The fossil was discovered by amateur fossil hunters in 1983 in a mile-wide crater called the Messel Shale Pit, not far from Frankfurt. Scientists speculate that at one time the pit was a volcanic caldera, where animals got caught and their remains unusually were well preserved. The amateurs saw that they had a very good fossil, but they did not recognize its potential importance.
The location, a UNESCO World Heritage Site, has been the source of many other fossils from the Eocene Period, about 50 million years ago.
The fossil was shown by collectors to Dr. Hurum, who brought in colleagues from Oslo and from the Senckenberg Research Institute to authenticate the find. They bought the specimen so that it would not disappear into private hands.
Examination of the fossil went on for two years. They have called the specimen Darwinius masillae. The researchers were able to keep their work secret until word leaked out last week.
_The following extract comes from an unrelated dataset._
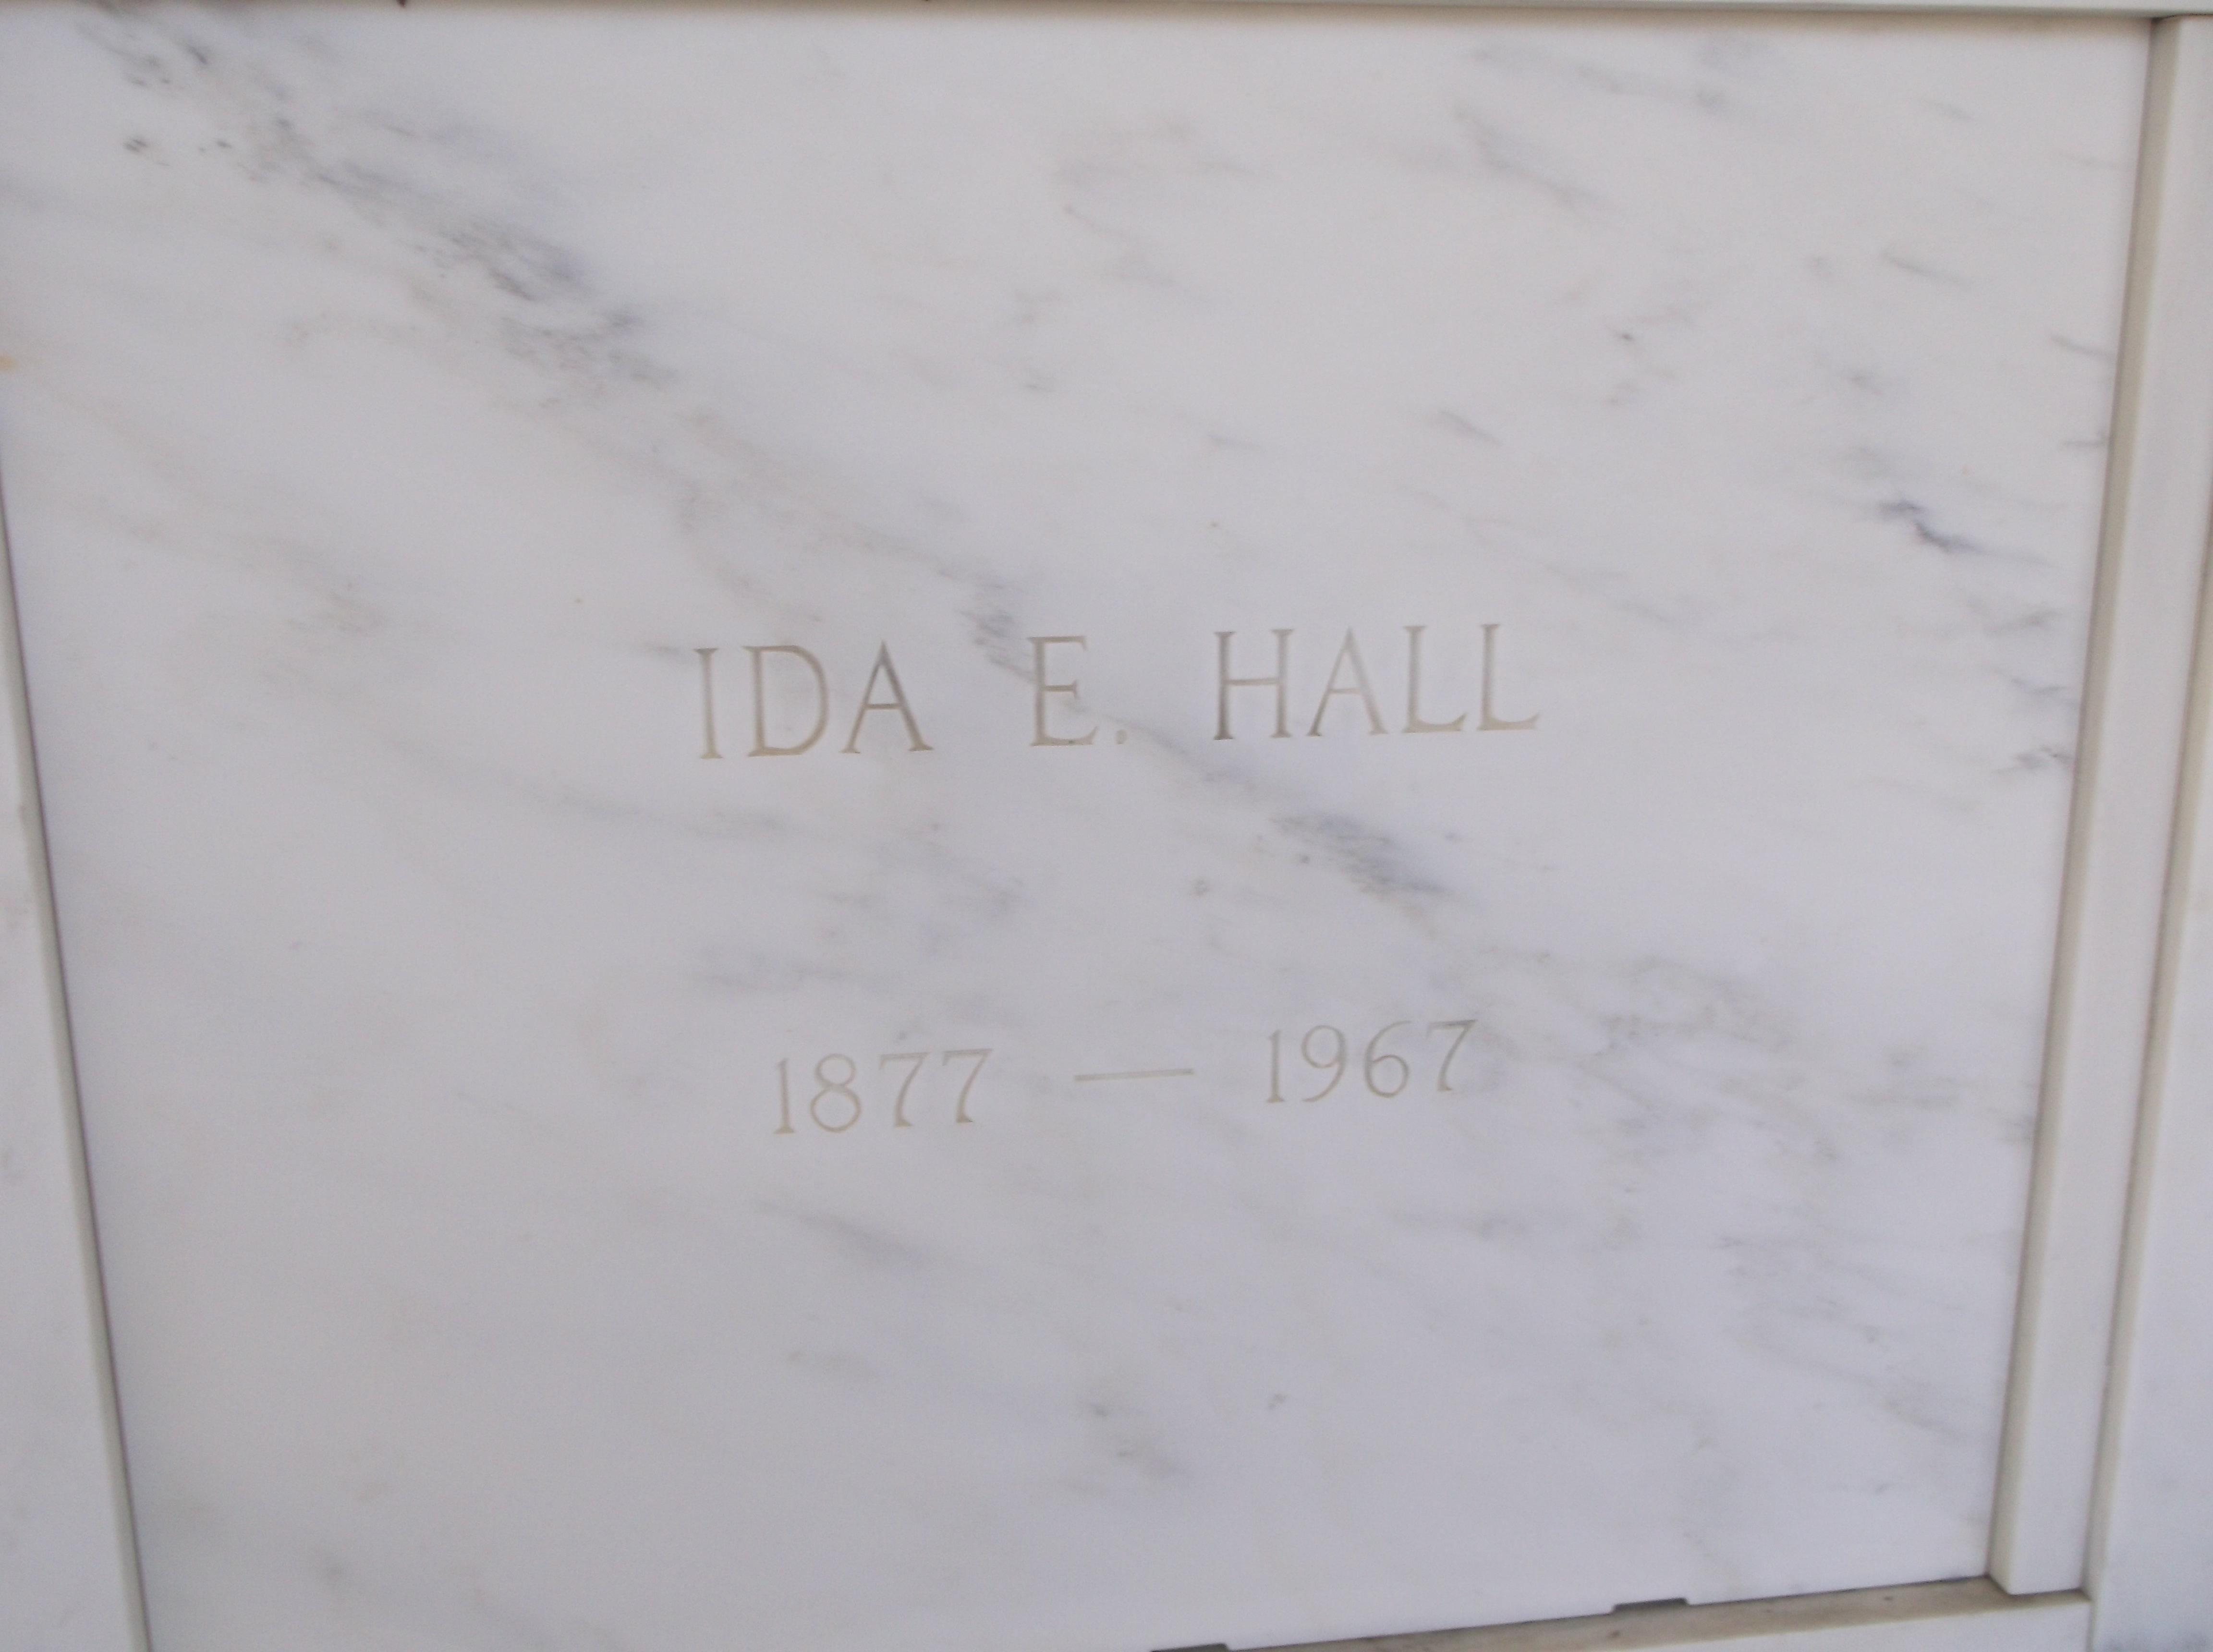 Ida E Hall

Hurum's team said 95 percent of the fossil's skeleton appears intact. It has a long, curling tail. X-rays show it was young; probably about nine months in age. It had baby teeth and, beneath them, adult teeth forming to replace them. There also was evidence that the animal had once broken its wrist.
It is hard to say what the find may do to the modern understanding of evolution. The fossil, for one thing, is far older than any of the human ancestors other scientists have reported finding in what is now eastern Africa. "Lucy," probably the best-known African fossil that is generally accepted as pre-human, is somewhat more than 3 million years old.
"Ida" is also different in many ways from later animals, said Holly Smith of the University of Michigan, who was brought in to examine the fossil's teeth for clues to its development. For one thing, Smith said, the fossil had all its baby teeth, and all its adult teeth as well. Modern children lose their front baby teeth around age 6, but molars in the back of the jaw do not develop for several more years.
"This whole species grew up fast," Smith said. "You wouldn't find that in a great ape or in a human."
The fossil, encased in plastic, was shown to reporters. It will be returned to Oslo. A plaster cast will go on display at the Natural History museum in New York.
"This discovery represents both great minds and a great find," said Ellen Futter, president of the museum.